My sweetest fiber experience was the last time I dyed wool with KoolAid – it smelled like KoolAid for a couple of weeks.

3 02 2007
Liz

My father listens to me gush about spinning every time he calls…and he knows how important it is to me to have something slightly meditative to do while I’m bogged down in grad school. So this year for my birthday, he surprised me with a new wheel (my old one has been getting cranky). And like any good Dad, he wears even the questionable knits I made out of very lumpy yarn from when I first started spinning.

11 02 2007
Lisa

Hi everyone,

Every gift giving holiday is a special moment. My family and husband indulge me terribly in my obsession with all things fiber. Last years it was oodles of mixed fibers and paints for my quilting. This christmas he really out did himself. I got oodles of knitting supplies including a no longer in print hard to find book , but it is one of the best books on Fair Isle knitting.

I am now getting into spinning and want to learn every inch of it. After 10 years of trying to talk my mom into giving me her Louet spinning wheel…. She finally gave it to me… My mom has been my inspiration and mentor in all things crafty. She introduced me to all my addictions as a young girl.

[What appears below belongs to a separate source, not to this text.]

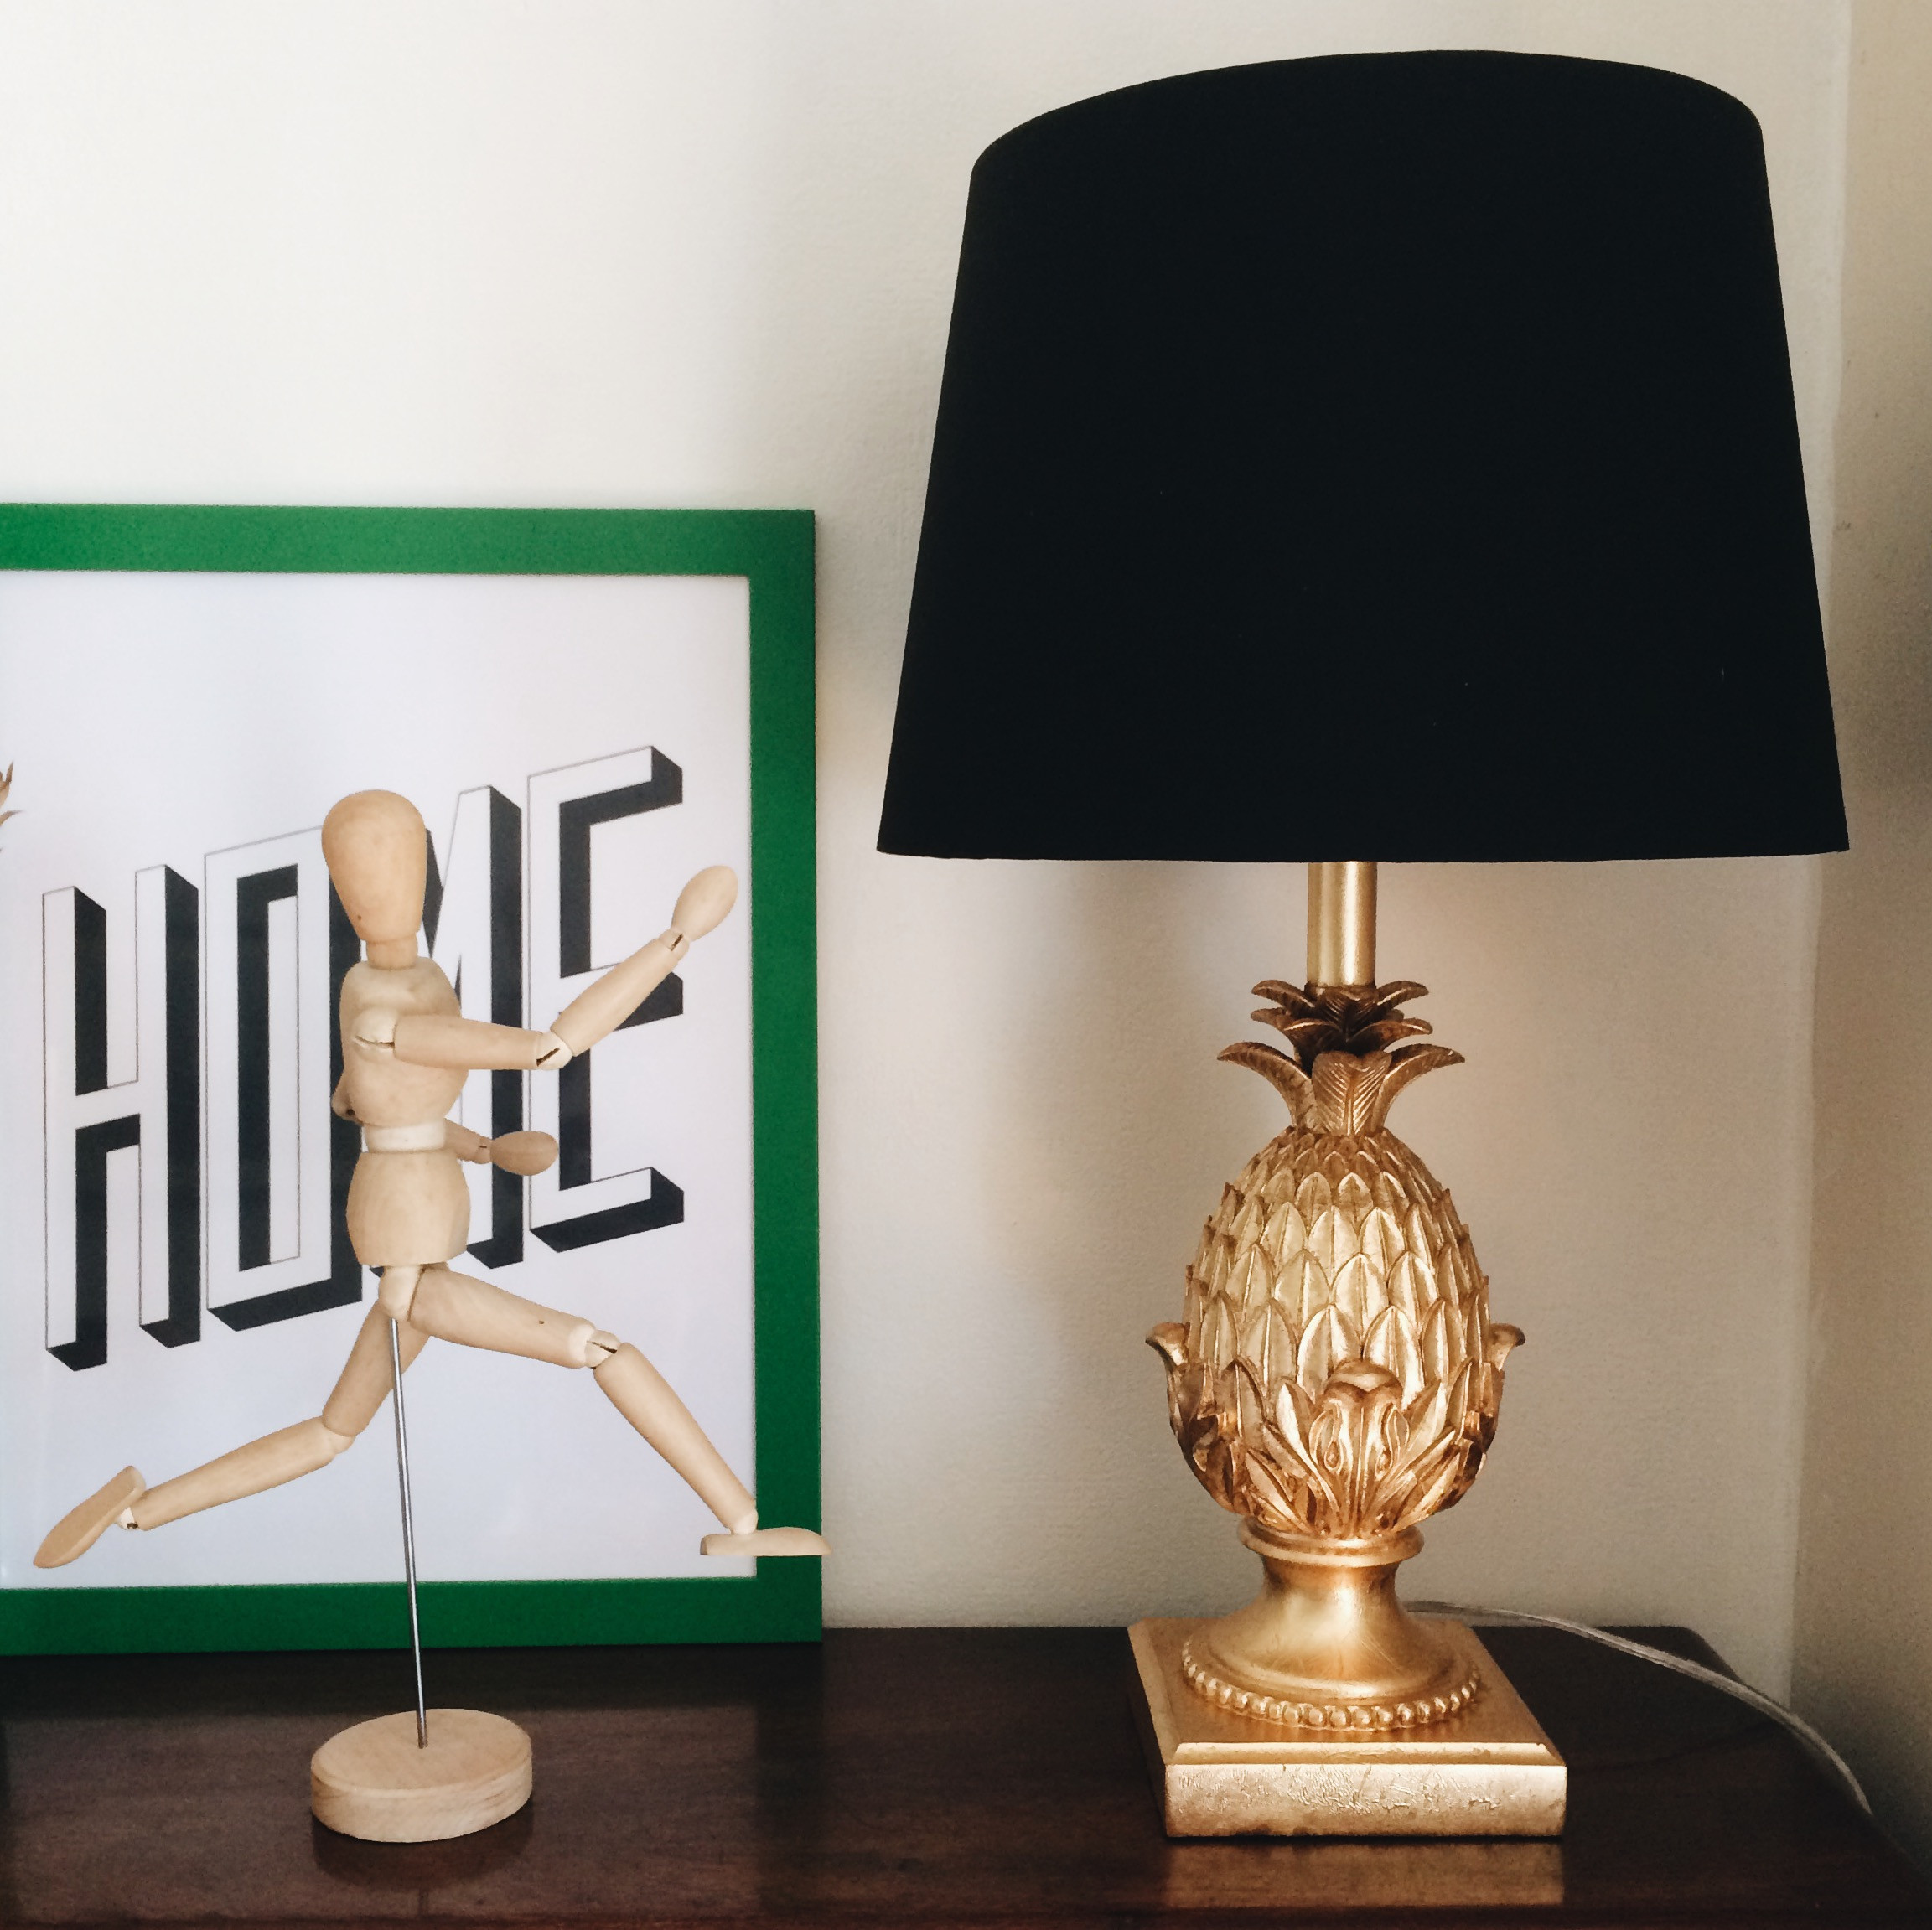 glass vase with gold trim of 20 fresh gold cylinder vase bogekompresorturkiye com for flower table lamp elegant interior od fashioned pineapple lamp gold with black lampshade and flower

However, my most heartwarming was this past weekend when my mother-in-law. We were browing the local yarn shop together and found the most beautiful skein of yarn that we both fell in love with. Later at the store we found a sweater pattern that just called my name. My mom-in-law got this wonderful twinkle in her eye and asked if she could purchase the pattern and yarn for me. She was so excited about it. Now she calls everyday to see how the project is comming. Little does she know that I am going to make her a sweater too.

14 02 2007
Nicole

My sweetest fiber experience was when I was a little kid and a lady at the farmers’ market offered to let me try spinning for a few minutes. I’ve forgotten exactly what she taught me (I use a drop spindle rather than a wheel the odd time I spin now), but the lady was really nice and the idea that I could make my own yarn appealed to me.